▶ EXERCISE DESCRIPTION: Once the pictures are set aside, repeat all of the data below exactly.

▶ COLLECTED MATERIAL:
==*==

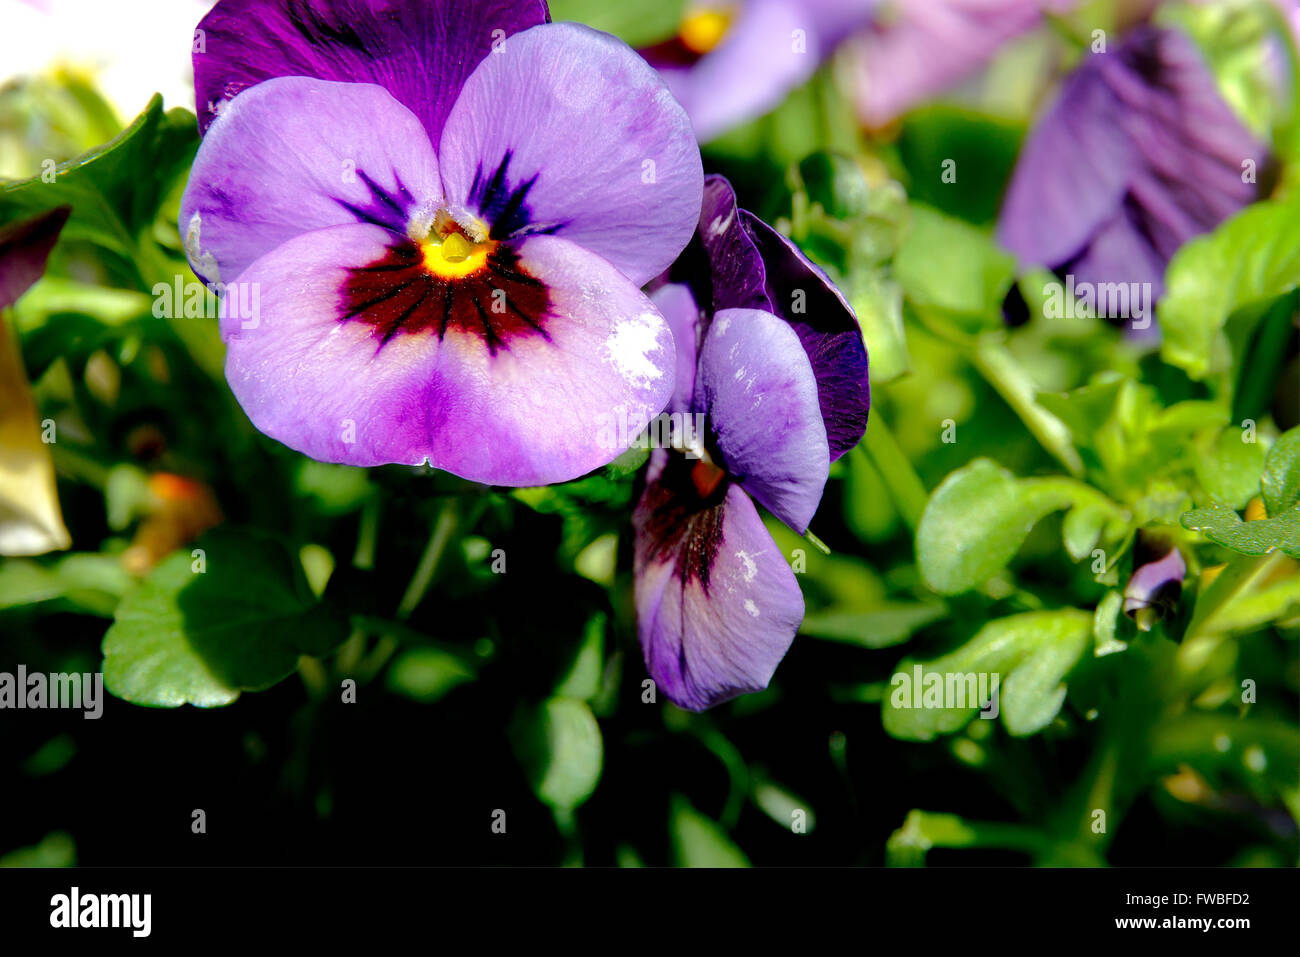 Botanic gardening plant : macro shot of purple viola cornuta (horned pansy or horned violet) - Stock Image
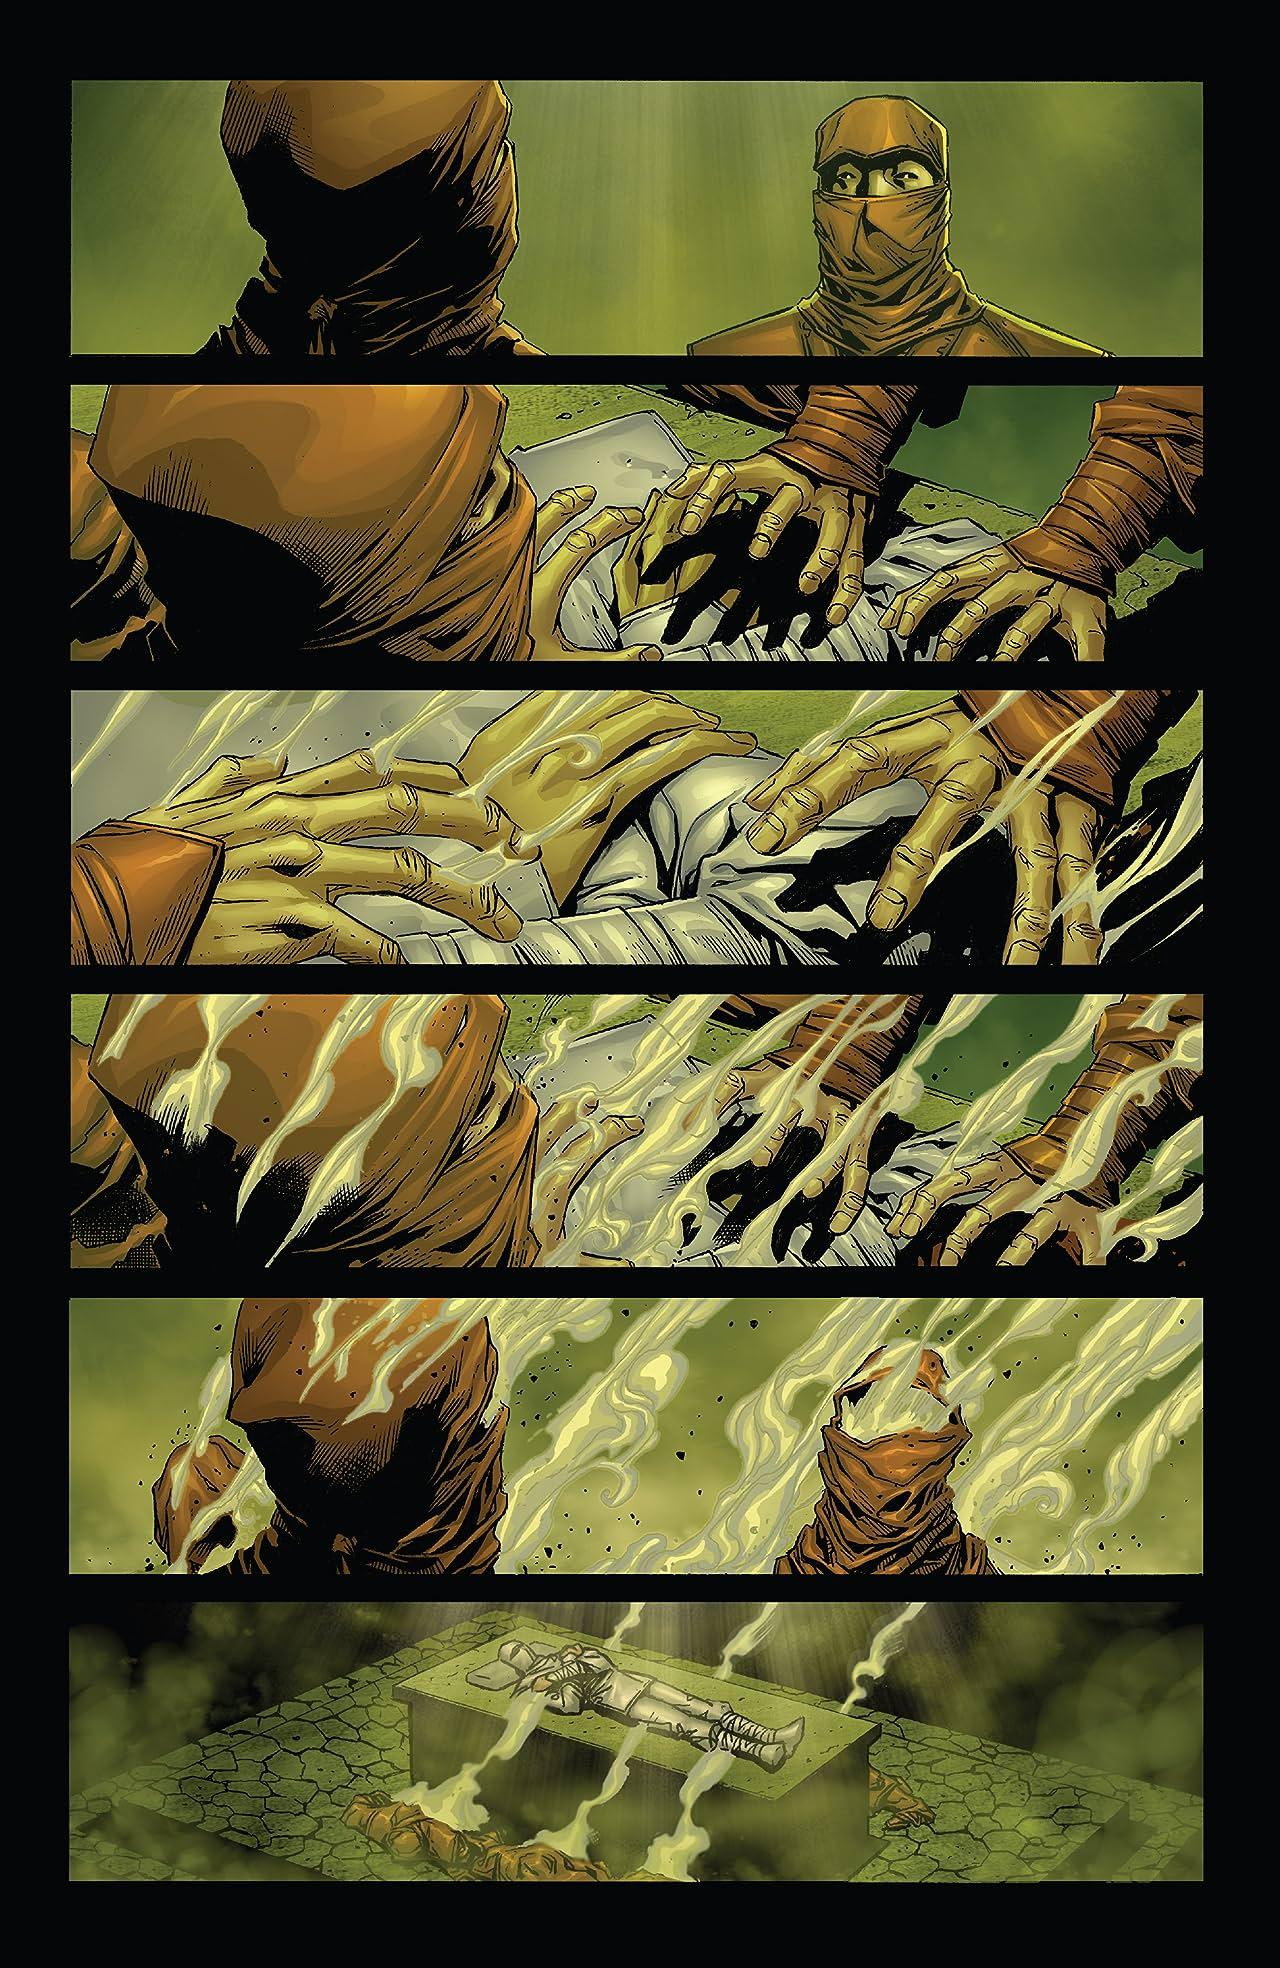 Elektra: The Hand (2004) #1 (of 5)
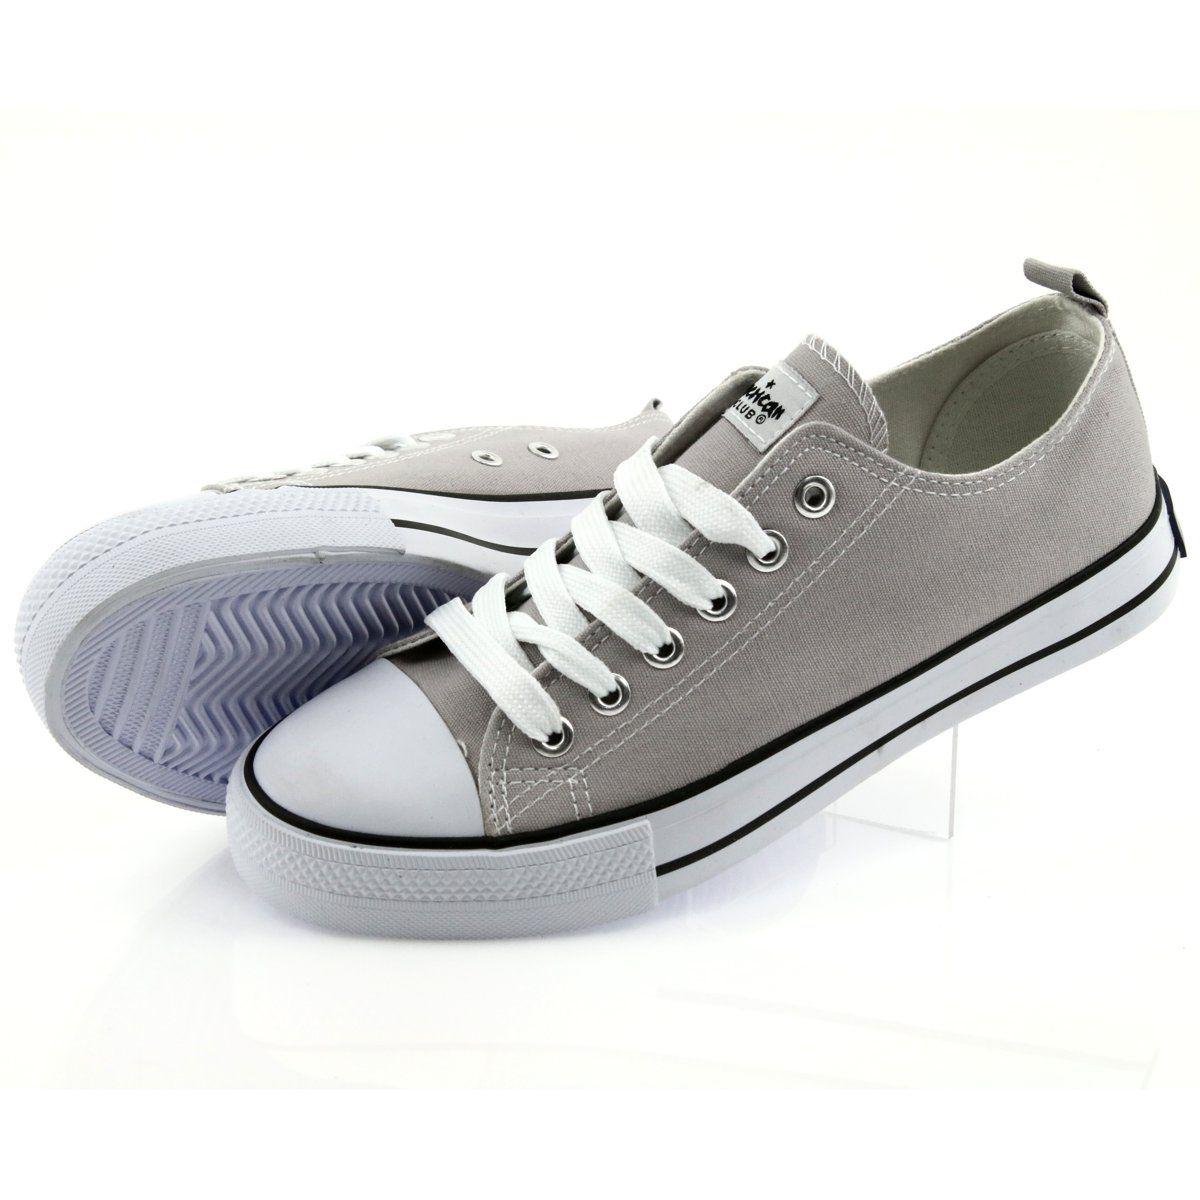 Trampki Wiazane Szare Buty Damskie American Club Sneakers Shoes Womens Sneakers
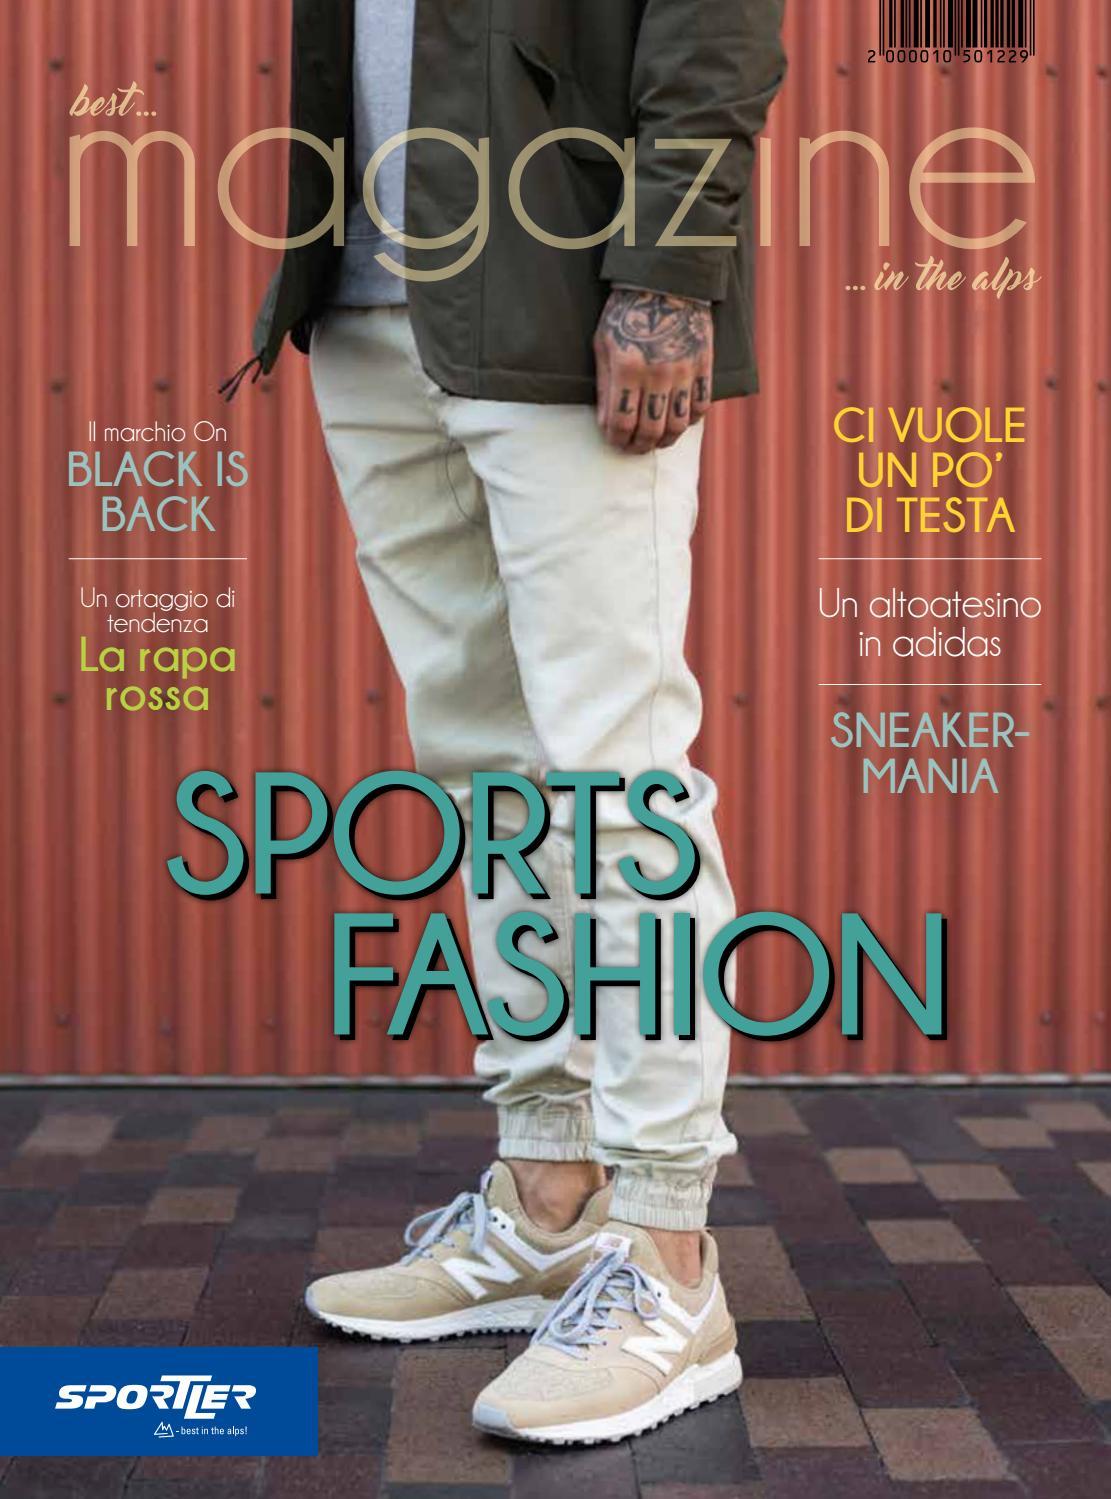 Magazine SPORTS FASHION Ita by SPORTLER issuu

==*==

▶ ANSWER FOR THIS EXERCISE:
 Botanic gardening plant : macro shot of purple viola cornuta (horned pansy or horned violet) - Stock Image
 Elektra: The Hand (2004) #1 (of 5)
 Trampki Wiazane Szare Buty Damskie American Club Sneakers Shoes Womens Sneakers
 Magazine SPORTS FASHION Ita by SPORTLER issuu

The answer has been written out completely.